### RECORDS FOR THE TASK

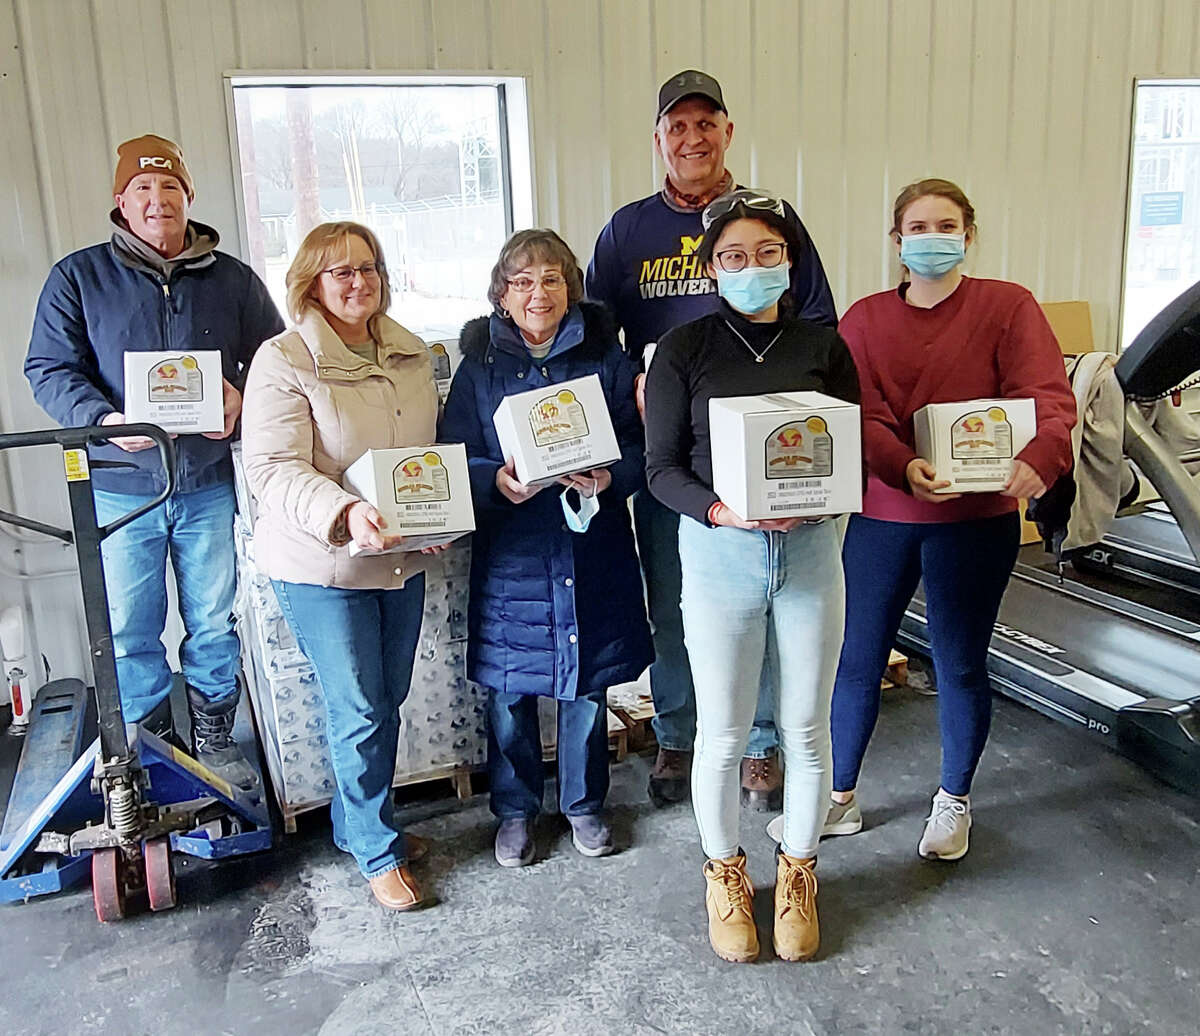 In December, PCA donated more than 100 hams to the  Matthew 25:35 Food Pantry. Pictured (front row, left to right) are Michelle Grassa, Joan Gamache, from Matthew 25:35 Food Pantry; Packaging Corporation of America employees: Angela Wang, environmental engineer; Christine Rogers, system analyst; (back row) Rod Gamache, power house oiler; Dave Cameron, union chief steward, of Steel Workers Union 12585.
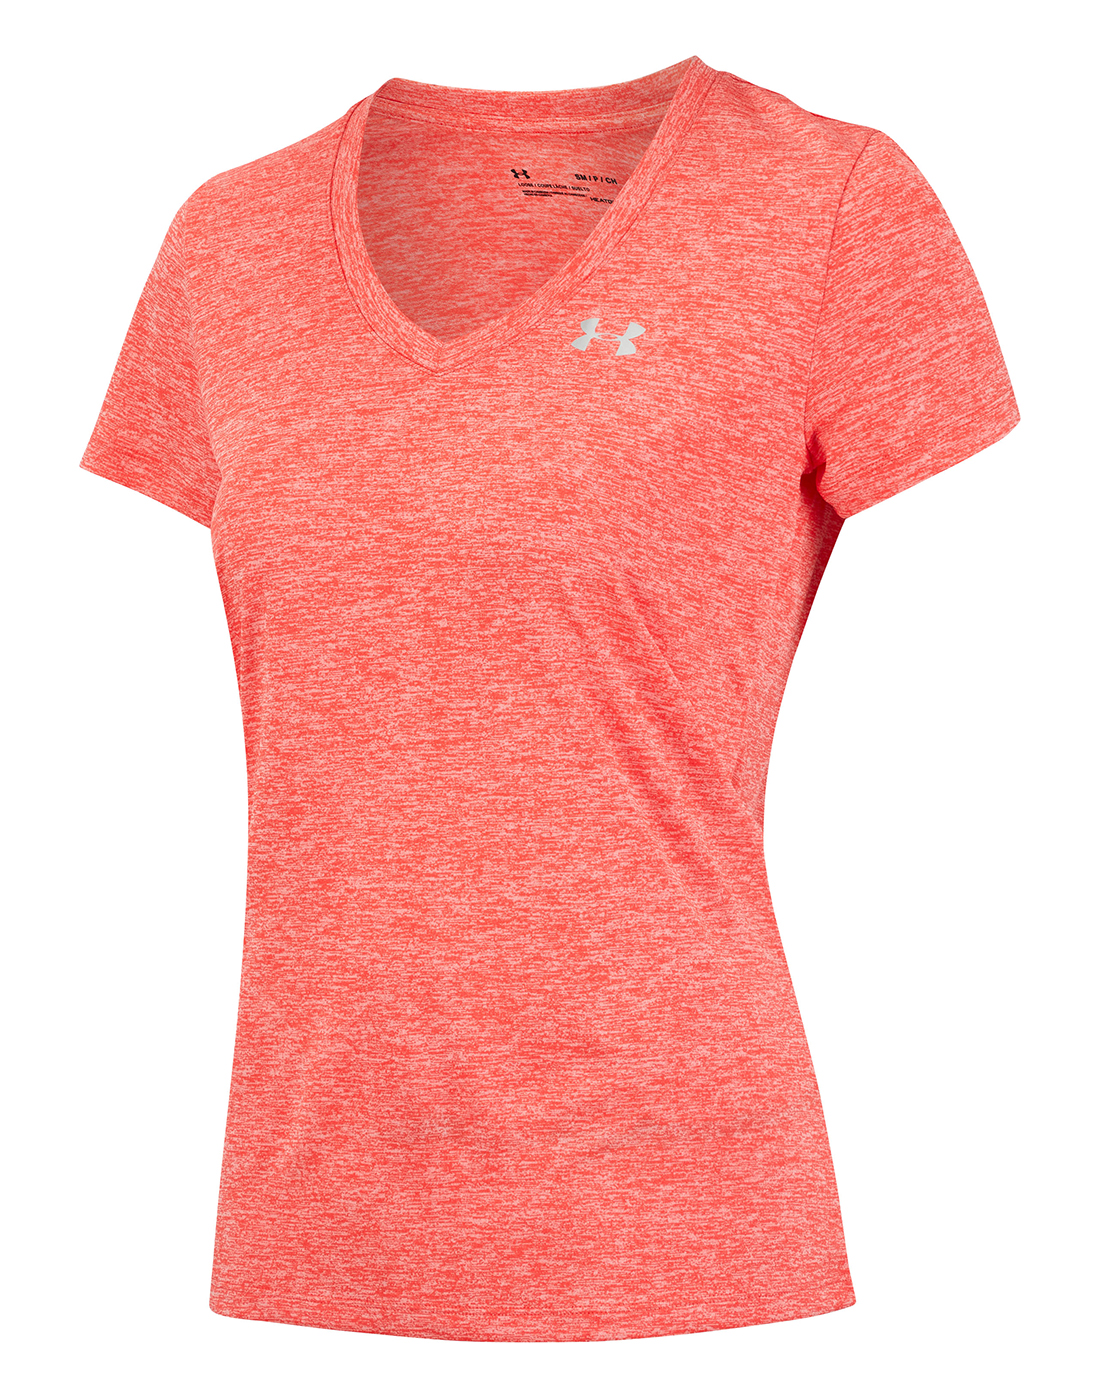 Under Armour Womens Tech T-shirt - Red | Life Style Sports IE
--
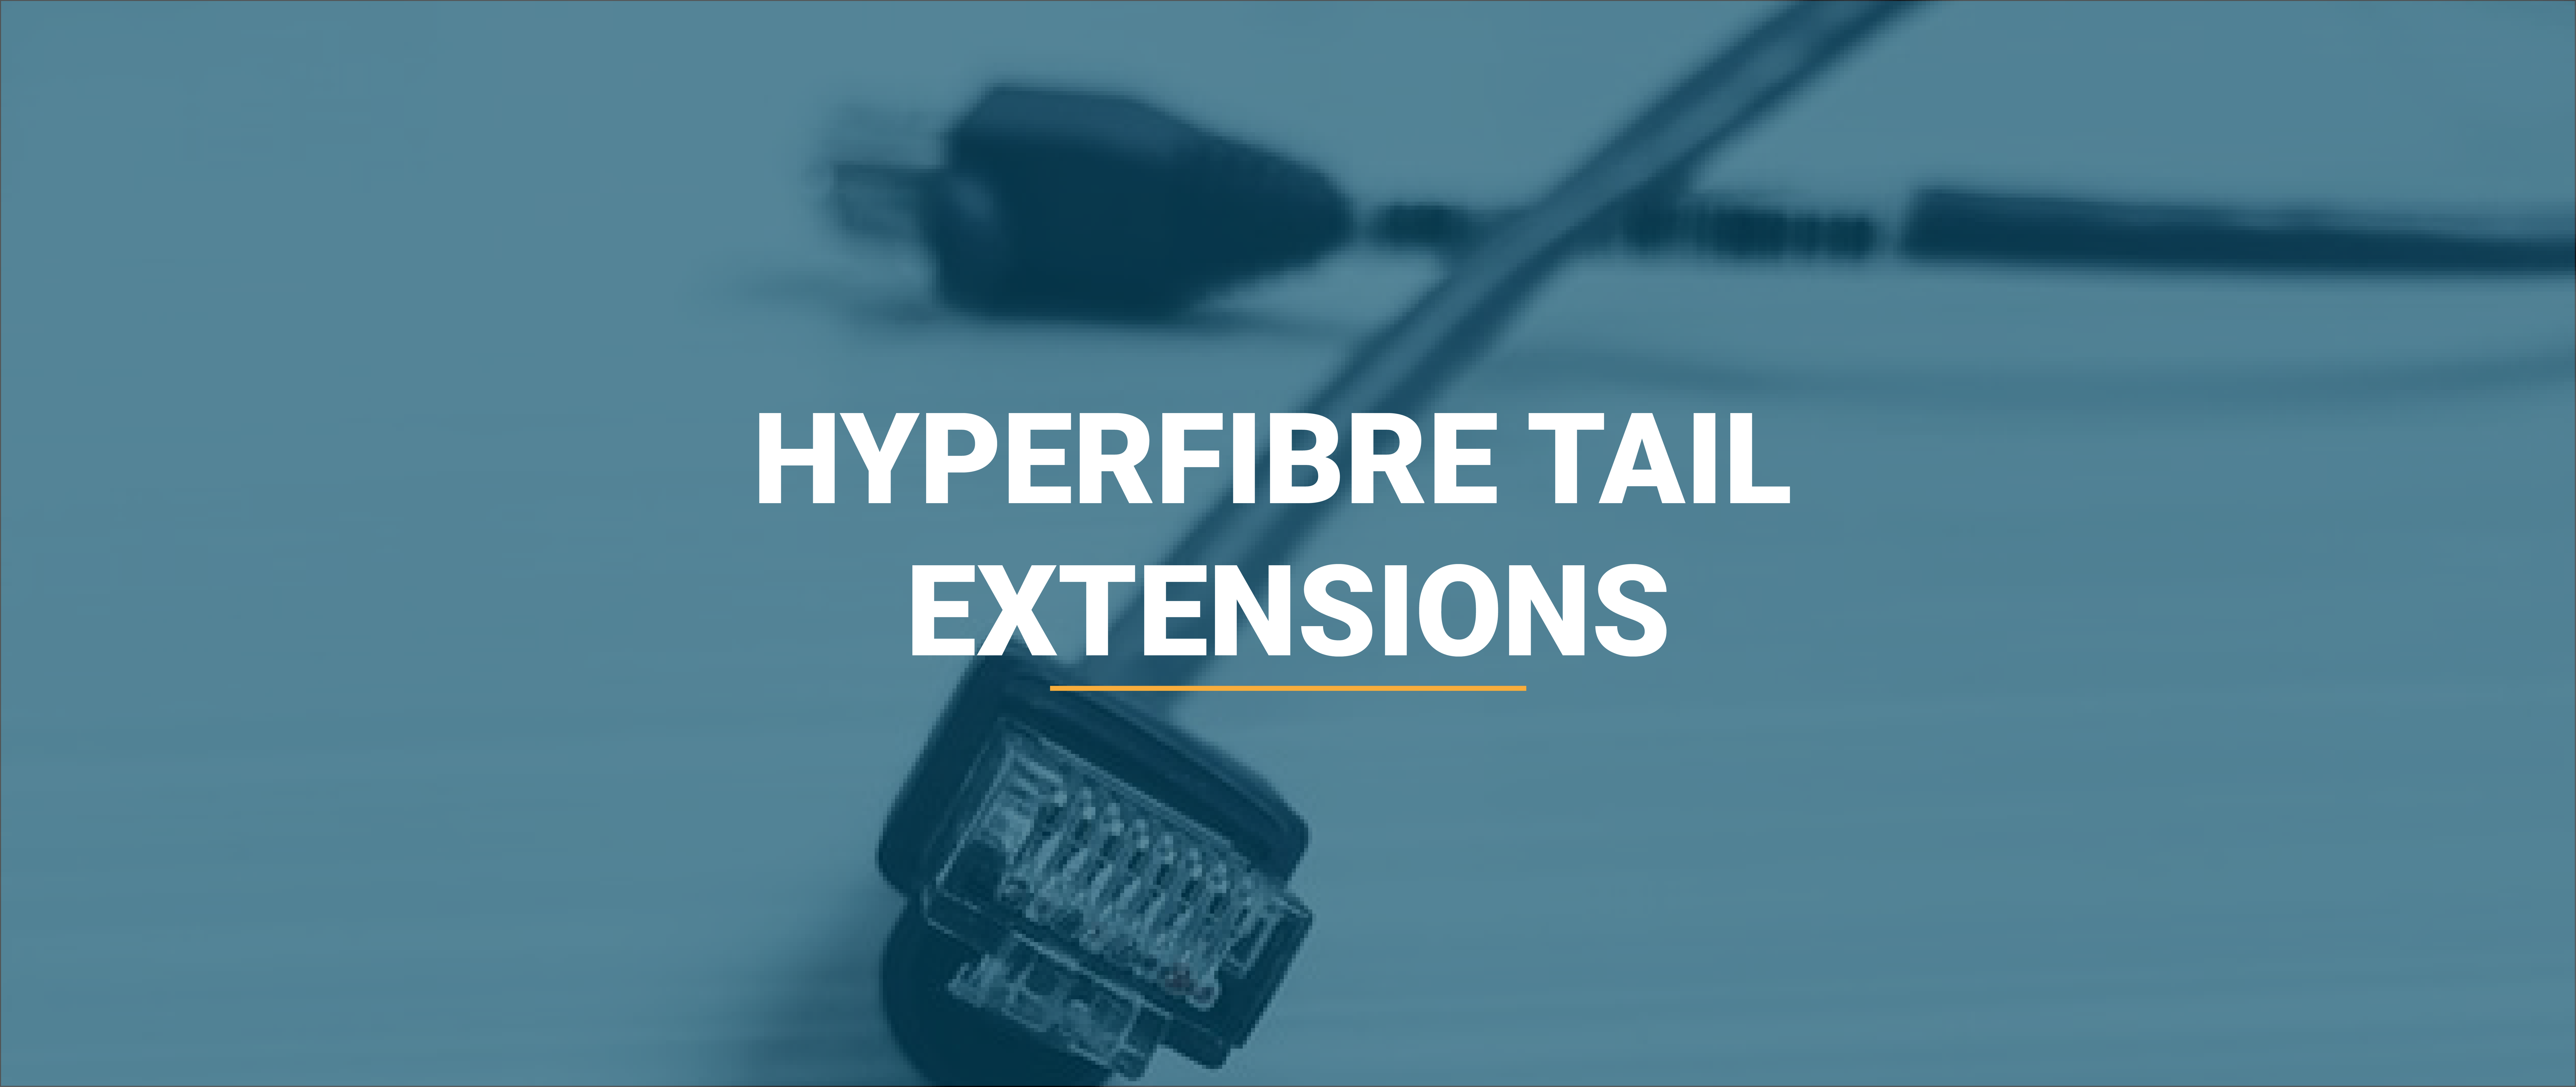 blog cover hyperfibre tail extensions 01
---
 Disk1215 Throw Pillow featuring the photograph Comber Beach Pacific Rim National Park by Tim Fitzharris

### AIM OF THE EXERCISE
Each line above that falls between the line with "In December, PCA" and the line with "Under Armour Womens" should be printed exactly, together with those two lines, but the pictures should not.

### OUTPUT
 In December, PCA donated more than 100 hams to the  Matthew 25:35 Food Pantry. Pictured (front row, left to right) are Michelle Grassa, Joan Gamache, from Matthew 25:35 Food Pantry; Packaging Corporation of America employees: Angela Wang, environmental engineer; Christine Rogers, system analyst; (back row) Rod Gamache, power house oiler; Dave Cameron, union chief steward, of Steel Workers Union 12585.
 Under Armour Womens Tech T-shirt - Red | Life Style Sports IE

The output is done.